Father earthworm said weakly ... I suddenly want to play football. "

5. Panda Man wants QJ Panda Girl, and Panda Girl struggles to resist and swears to the death. Panda man said angrily after the failure:

"We are all going extinct ~ ~ ~!"

10, the tortoise and the rabbit race ... the rabbit quickly ran to the front. ..

The tortoise saw a snail crawling slowly .. and said to him, come up, I'll carry you. ..

Then, the snail came up. ..

After a while, the tortoise saw another ant and said to him, come up, too. ..

So the ants came up. .

When the ant came up, he saw the snail on it and greeted him.

Do you know what the snail said?

Snail said: hurry up, this turtle is so fast. ...

1 1. A man and a woman are eating.

Girls keep asking boys: Do you love me?

The boy glanced at the girl and went on eating dinner.

The girl was very angry and asked, Do you love me or not?

The boy finally said: love

The girl asked again, then how do you prove it?
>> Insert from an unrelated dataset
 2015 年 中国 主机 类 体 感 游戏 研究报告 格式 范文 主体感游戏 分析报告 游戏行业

Suddenly, the boy took out 30 yuan money from his pocket.

And ask the girl: Do you have ten dollars?

The girl gave the boy ten yuan. ..

The boys put forty yuan on the table.

soon .....

The girl was very angry and asked the boy: Do you want to prove that you love me or not?

Boys say I have been proved! ! !

Forty is just around the corner!

15, a day in the snack street.

Find a store that sells egg towers

Every one looks delicious. I want to buy one to try.
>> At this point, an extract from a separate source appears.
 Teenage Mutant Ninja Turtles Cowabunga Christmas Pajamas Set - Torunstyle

I asked the clerk, "Is this sold separately?"

Shop assistant: "No, it's from Japan."

18, one day, a family caught fire.

Mom and dad both fled, leaving only one son inside.

Mother was very nervous and shouted outside the house.
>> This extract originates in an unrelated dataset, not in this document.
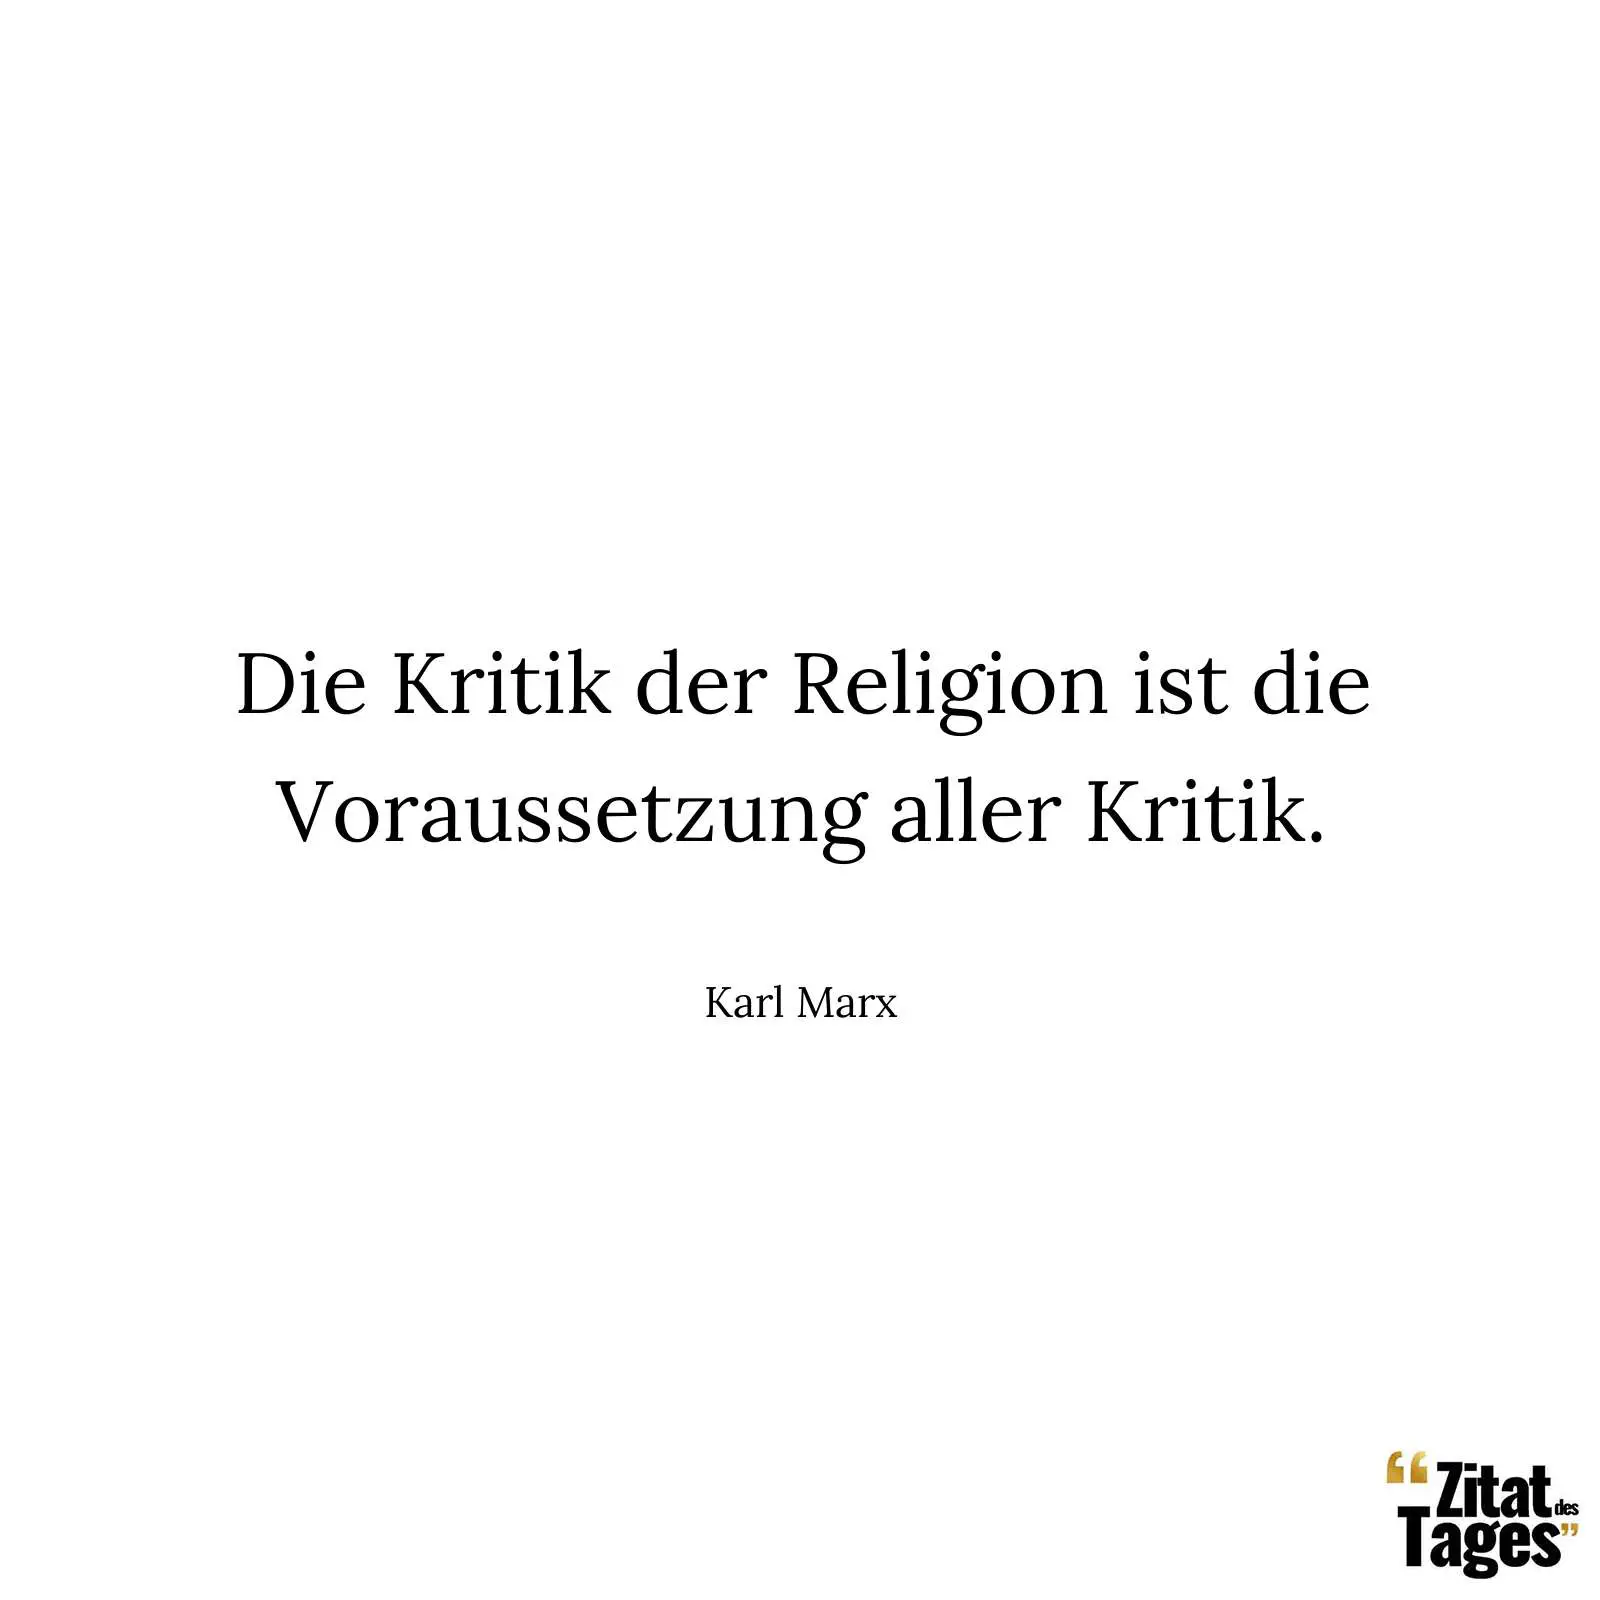 Die Kritik der Religion ist die Voraussetzung aller Kritik. - Karl Marx

"Son ... what are you doing ... fire, don't you come out ..."

The son replied ... "I'm wearing socks ..."

Mom said again, "What socks to wear in case of fire ..."

After five minutes, my son hasn't come out yet. ......

Mother shouted nervously again, "Son, what on earth are you doing?" Come out ~ it's on fire, stay inside ... "

The son said, "I'm taking off my socks."

19 went fishing by the river alone.

First he wore a leaf ~ no fish took the bait for a long time, then he changed a piece of bread ~ no fish took the bait for a long time ~

He had no choice but to change earthworms ~ and there was still no fish for a long time ~ ~

In a rage, he took out 100 RMB and fell into the water.

"* * * ~ ~ What to eat! Buy it yourself! ! ! ! "

20. A German, a Frenchman and a Japanese are going to work in the mine.

The boss is American. He said to the Germans, "You have a good physique and are in charge of coolies. 」

He said to the French, "You said you were an engineer in charge of the mining plan. 」

To the Japanese, he said, "You are very thin. You are in charge of supply. 」

Then every other week, they start to work.

A few days later, the Germans and the French found that the Japanese had disappeared. After searching for a long time, they decided to go back to work first.

When the Germans started to work, the Japanese suddenly jumped out.

Shout out:

"surprise! 」

24. "I can't see things too far away," the patient said to the ophthalmologist.

"Please follow me," the doctor took the patient outside and pointed to the sun in the sky. "What do you think that is?"

"the sun." The patient replied.

"Then how far do you want to see!"

One day, the animals smelled an unpleasant smell in front of Guan Gong Temple.

The snake said, "I am too young to fart so smelly." It must be a cow. 」

The cow said, "I eat grass, and I won't fart so smelly." 」

The pig said, "people who fart will blush." 」

Suddenly, Guan Gong rushed out, knocked the pig away, and said, "How many times have I told you, I was born blushing. 」

26. One day, a man met God. ..

God suddenly kindly gave the man a wish. ....

God asked ...

Do you have any wishes? ...

The man thought about it. ...

I heard that cats have nine lives. ...

Then please give me nine lives. ..

God said, ..

Your wish has come true. ....

One day, the man was idle and bored. ...

If you want to say death, forget it. ...

There are nine lives anyway

Lying on the tracks. ....

As a result, a train passed by. ....

That man is still dead. ...

Why is this?

Because that train has 10 cars. ...

30. One day, three people came to the funeral home. Strangely, their smiles after death are all ...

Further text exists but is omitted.